I’m using BERT to perform text classification (sentiment analysis or NLI). I pass a 768-D vector through linear layers to get to a final N-way softmax. I was wondering what is the current best practice for the final block of linear layers?

I see in the implementation of BertForSequenceClassification that the 768-D pooled output is passed through a Dropout and a Linear layer.

pooled_output = outputs[1]

pooled_output = self.dropout(pooled_output)
logits = self.classifier(pooled_output)

Is this the current best practice? What about adding more linear layers, dropout, relu, batchnorm, etc.?

I am using this classifier architecture:

pooled_output = outputs[1] # 768-D
# --- start block ---
Linear (out=1000-D)
ReLU
BatchNorm
Dropout (0.25)
# --- end block ---
Linear (out=N) # Final N-way softmax

I can repeat the classifier block as many times as I want with any intermediate dimensionality. I’m worried that my knowledge of using ReLU, batchnorm, and dropout may be outdated.

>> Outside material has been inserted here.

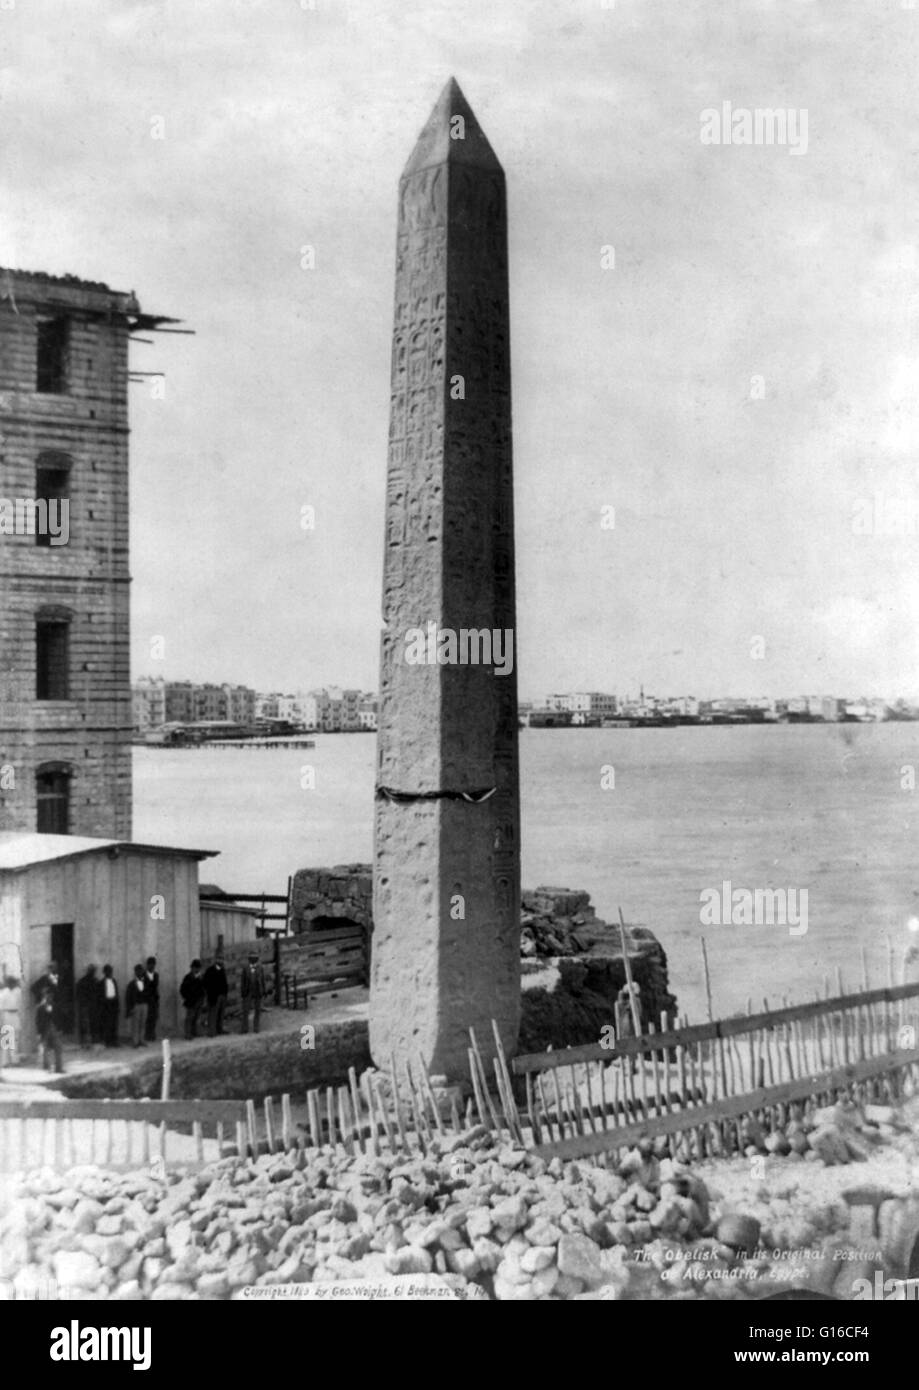 Der Obelisk Kleopatras Nadel in seine ursprüngliche Position in Alexandria, Ägypten. Kleopatras Nadel ist der populäre Name für jede der drei antiken ägyptischen Obelisken in London, Paris und New York City während des 19. Jahrhunderts wieder aufgebaut. Alle drei Nadeln sind Stockfoto

Any help would be appreciated.

1 Like

There is already one hidden layer between the final hidden state and the pooled output you see, so the one in SequenceClassificationHead is the second one. Usually for classification head, two hidden layers are sufficient (talking about vision as well as text here), but you can certainly try more and see if you get better results.

Thank you for the reply.

Do you have an opinion on using batch normalization in the classification head? I don’t see any specific use of it in HuggingFace’s code for the BERT models. I’m using the HuggingFace code as a best practice for lack of other information.

Again, try and see if it gives you better results. The head is the one used in the BERT article for the fine-tuning, so it’s there for reproducibility. Note that transformers use LayerNorm inside so maybe this one could work well too for classification.